▶ **SOURCE MATERIAL**:
----------------

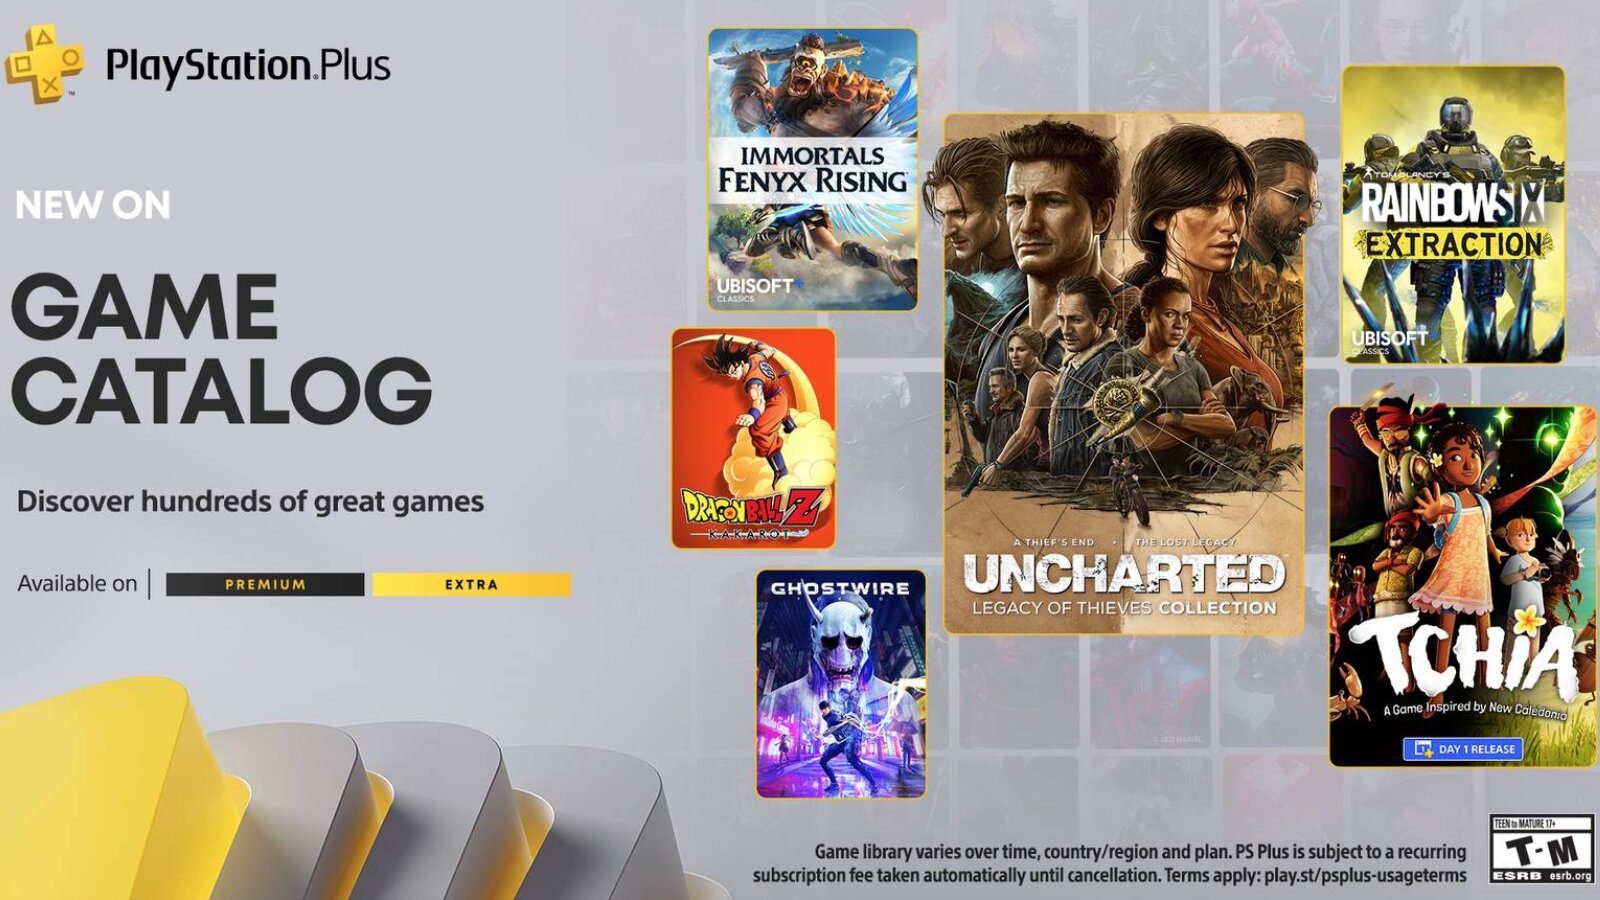 PlayStation Plus March 2023 The Full List of Games for Extra and
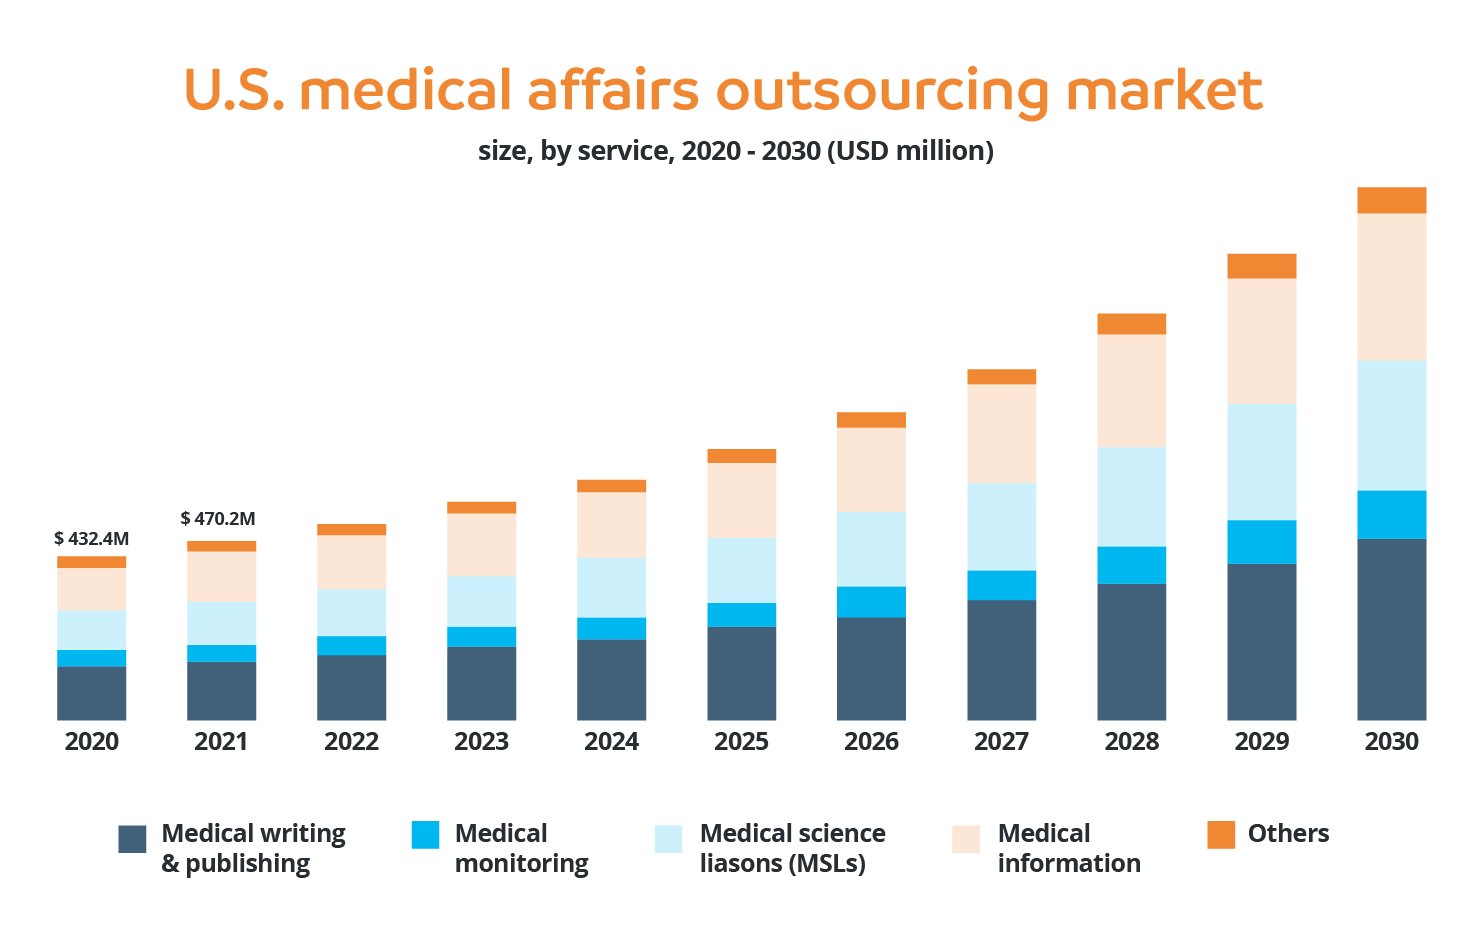 U.S medical affairs outsourcing market
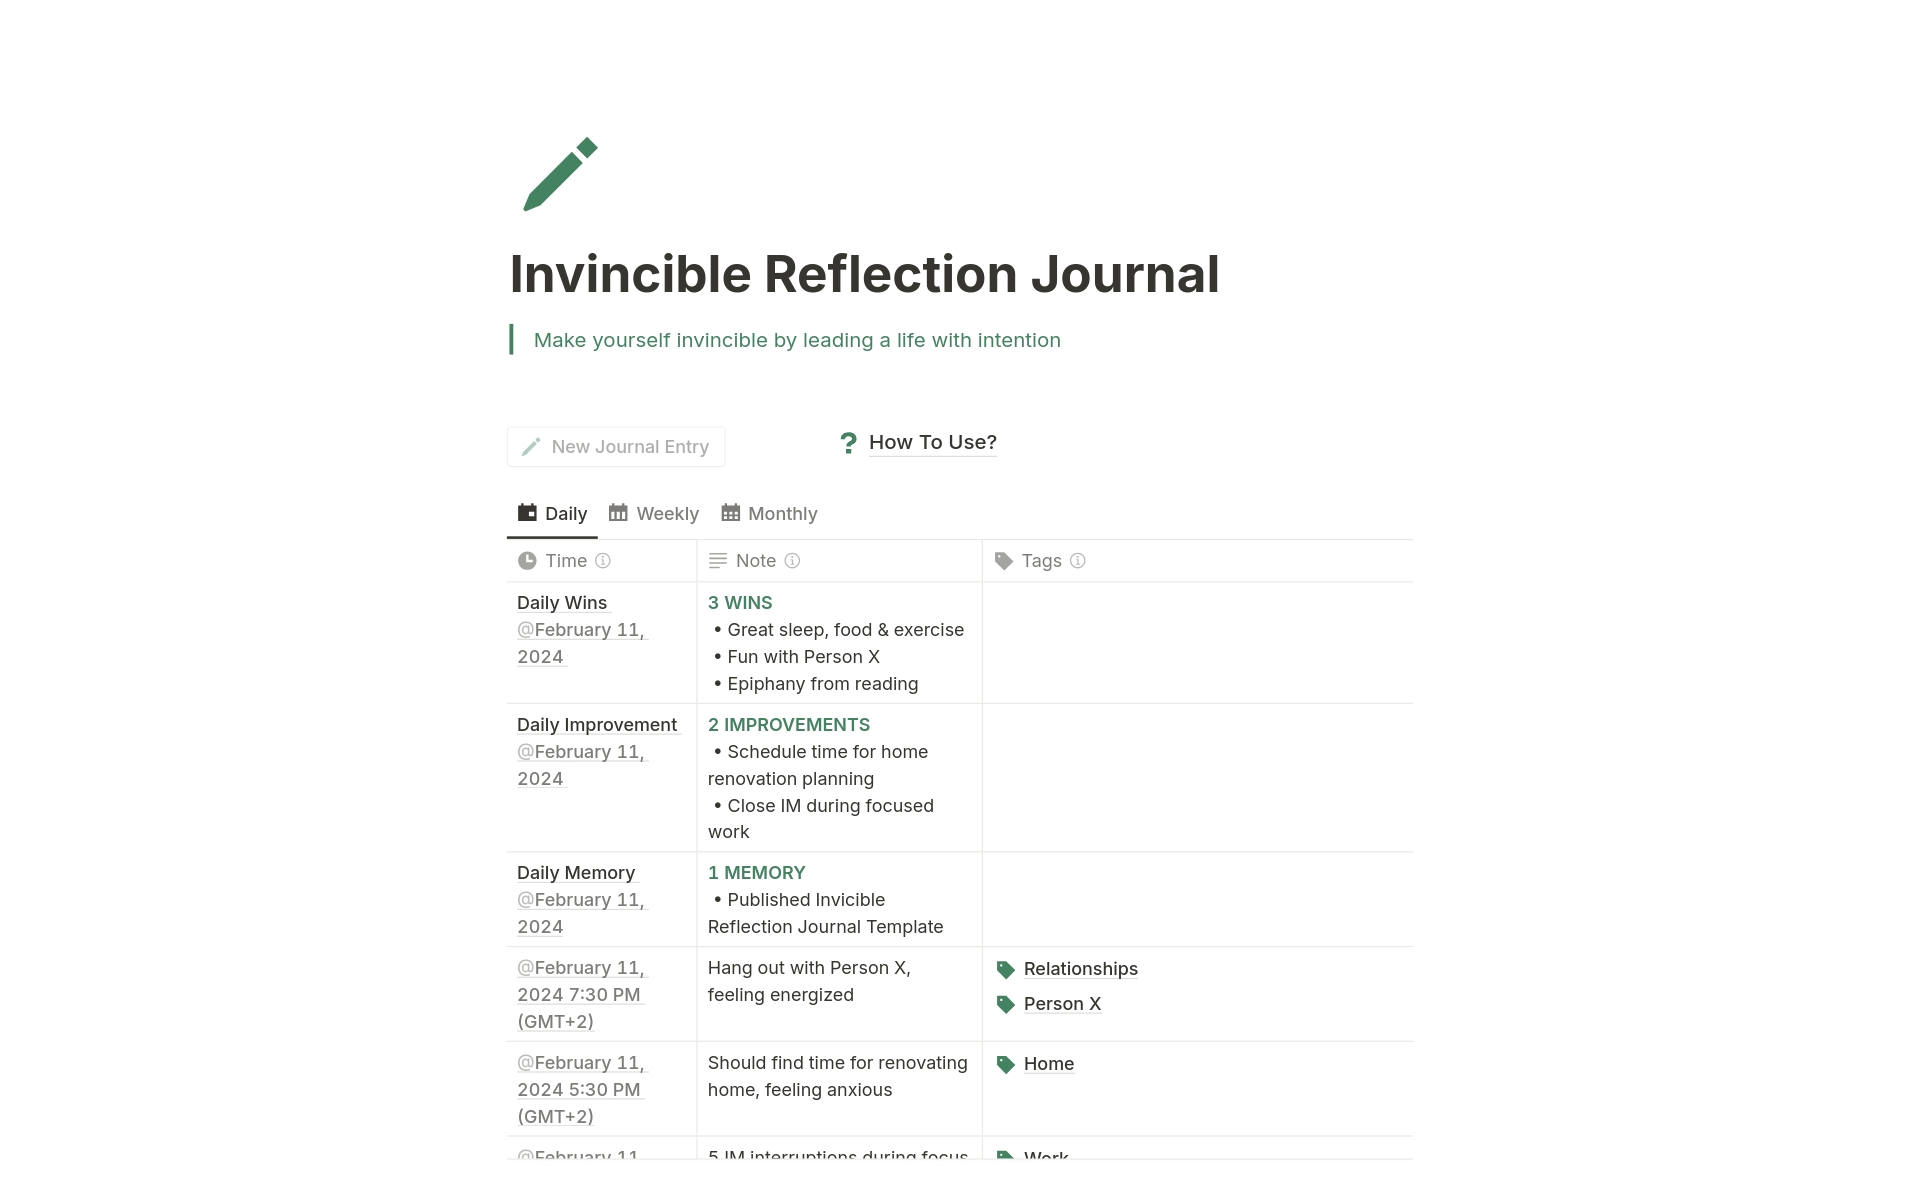 Invincible Reflection Journal combines both the tool and process for journaling and reflection. Perform check ins to document your life, turn them into daily 1-minute reflections, weekly reflections and monthly long form writing about your life categories.

----------------

▶ **WORK INSTRUCTIONS**: Take the data above and set it down exactly, images excluded.

▶ **TASK ANSWER**:
 PlayStation Plus March 2023 The Full List of Games for Extra and
 U.S medical affairs outsourcing market
 Invincible Reflection Journal combines both the tool and process for journaling and reflection. Perform check ins to document your life, turn them into daily 1-minute reflections, weekly reflections and monthly long form writing about your life categories.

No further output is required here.